Print the whole listing exactly as it appears, but skip the pictures.

[[ Dataset section, beginning ]]

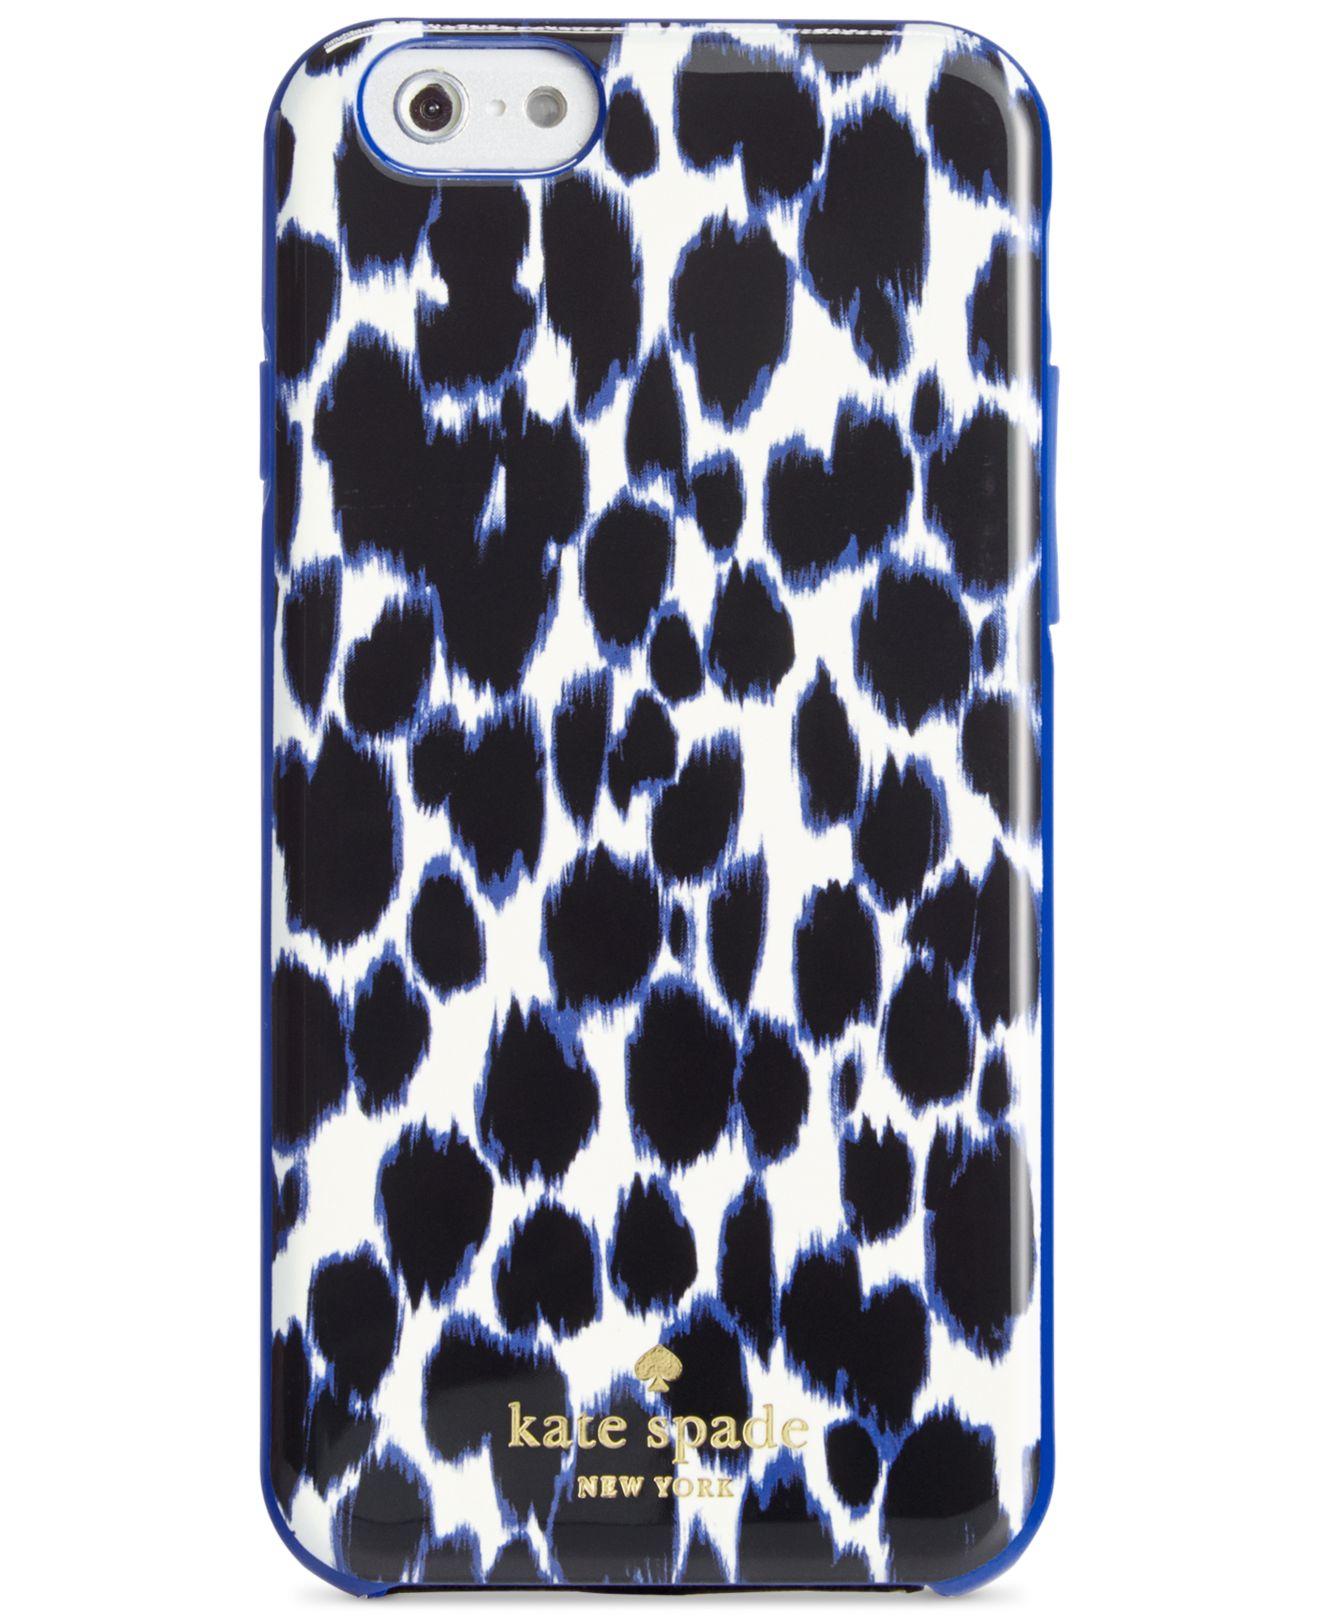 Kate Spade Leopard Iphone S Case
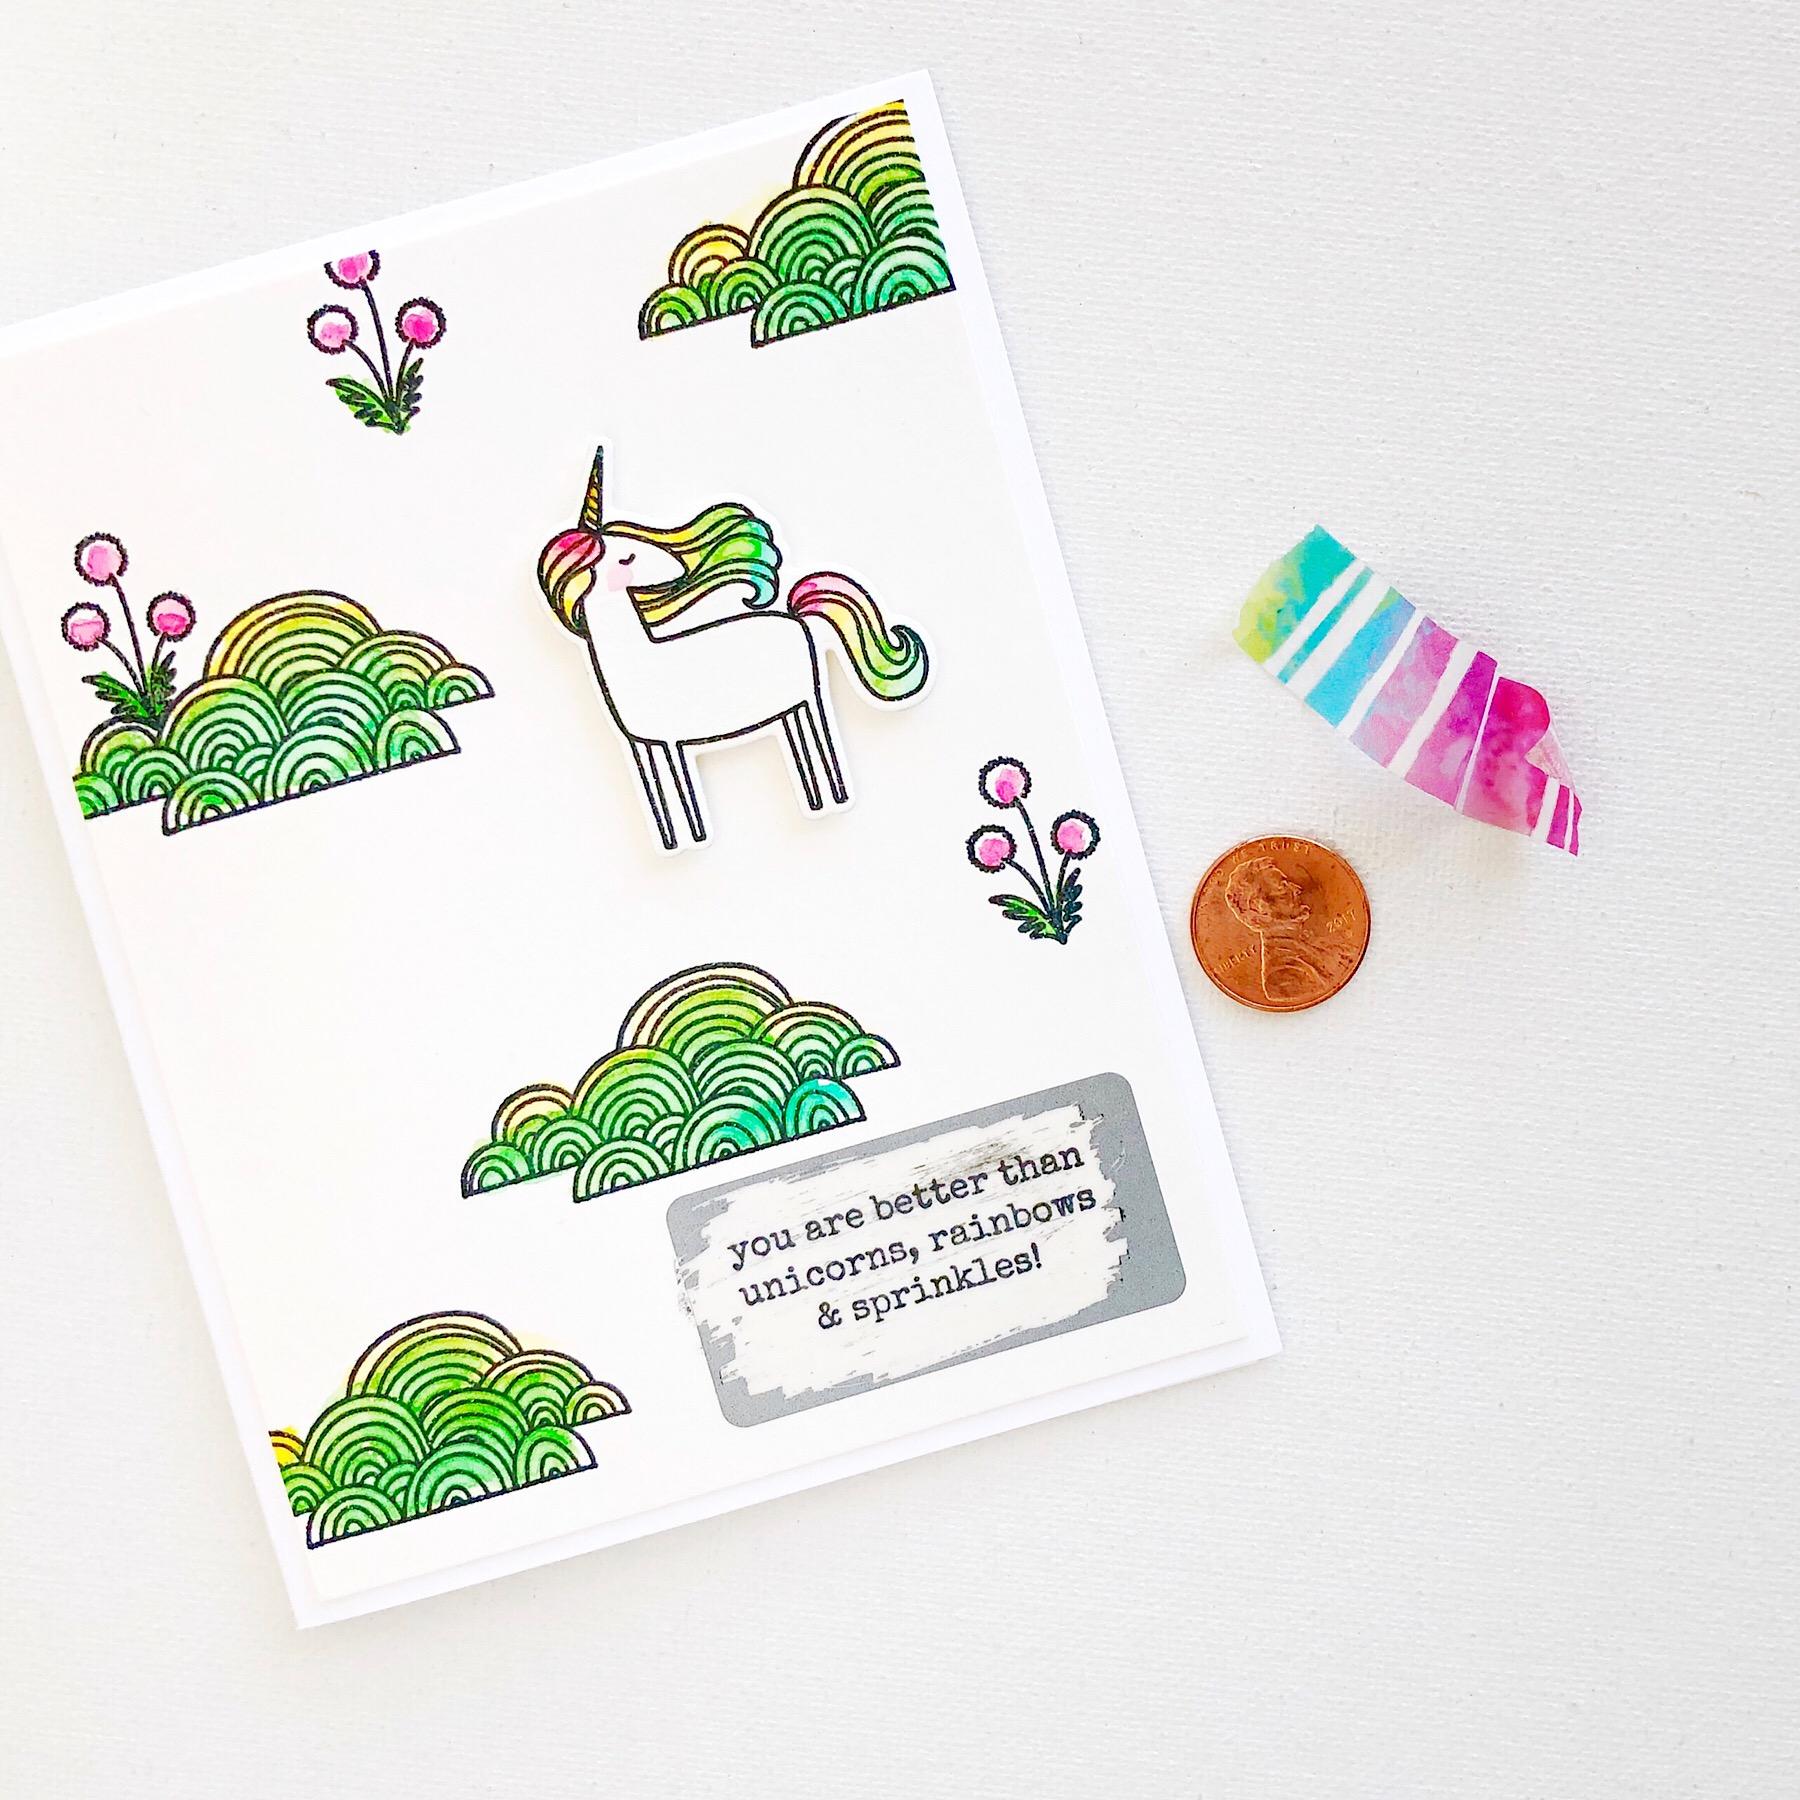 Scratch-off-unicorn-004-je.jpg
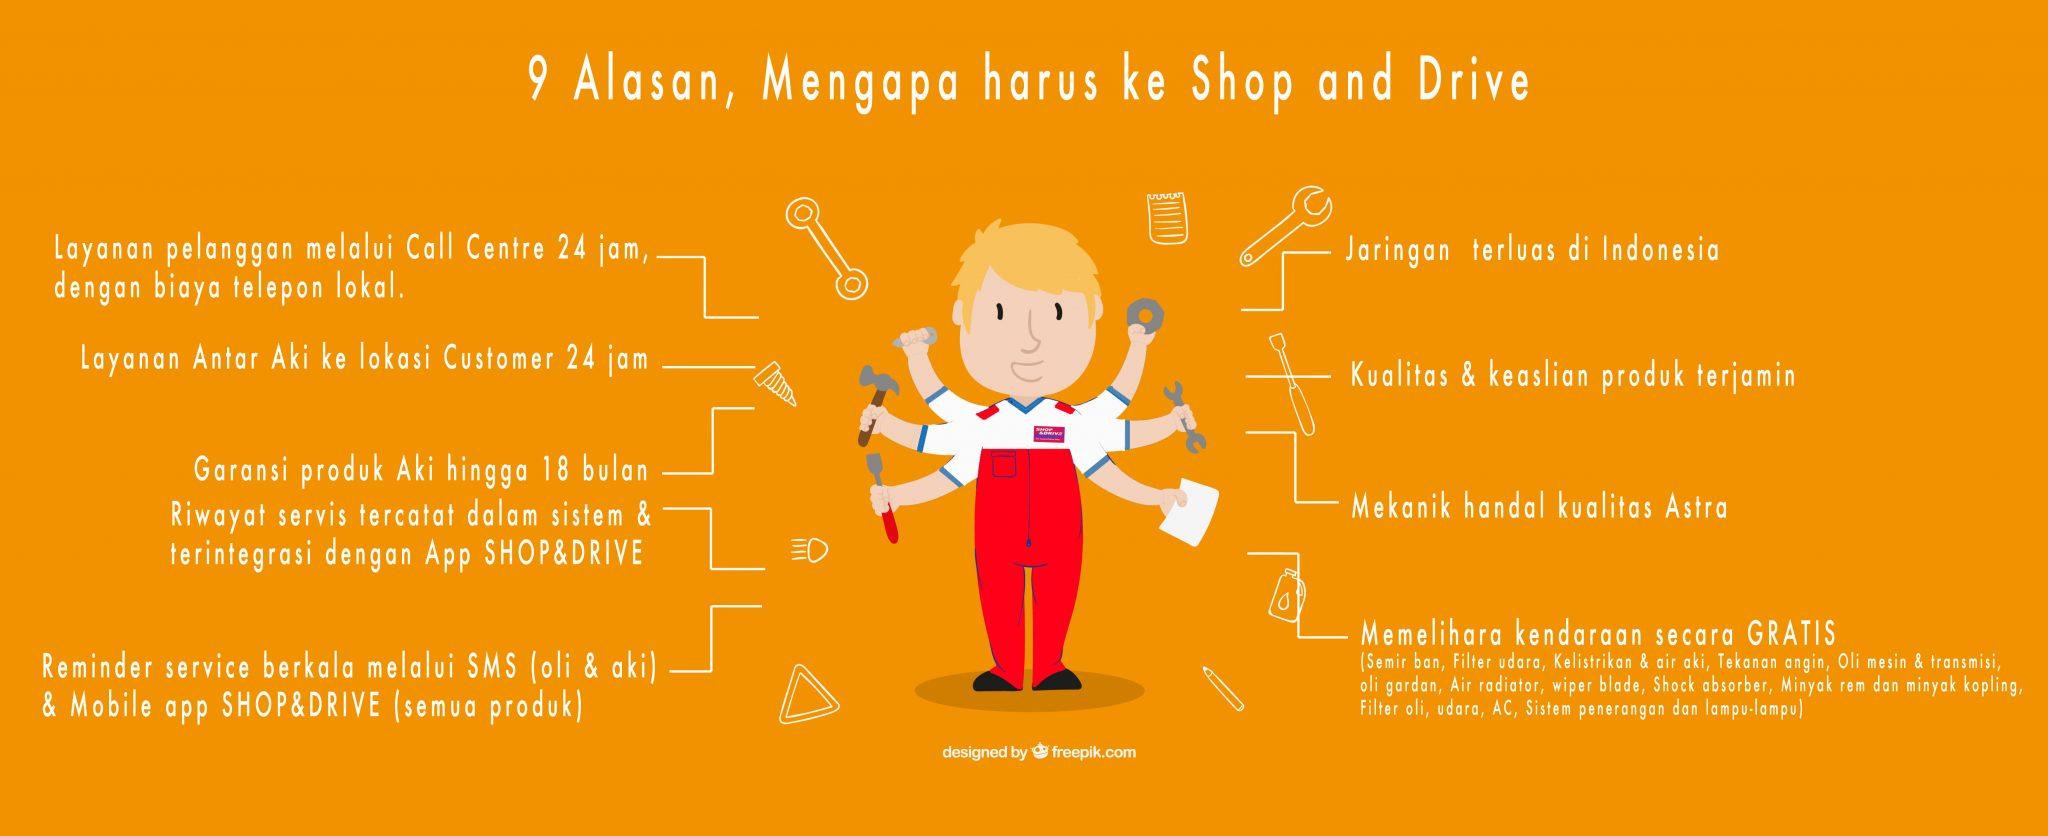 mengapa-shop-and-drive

[[ Dataset section, end ]]

▶ Solution to the exercise
 Kate Spade Leopard Iphone S Case
 Scratch-off-unicorn-004-je.jpg
 mengapa-shop-and-drive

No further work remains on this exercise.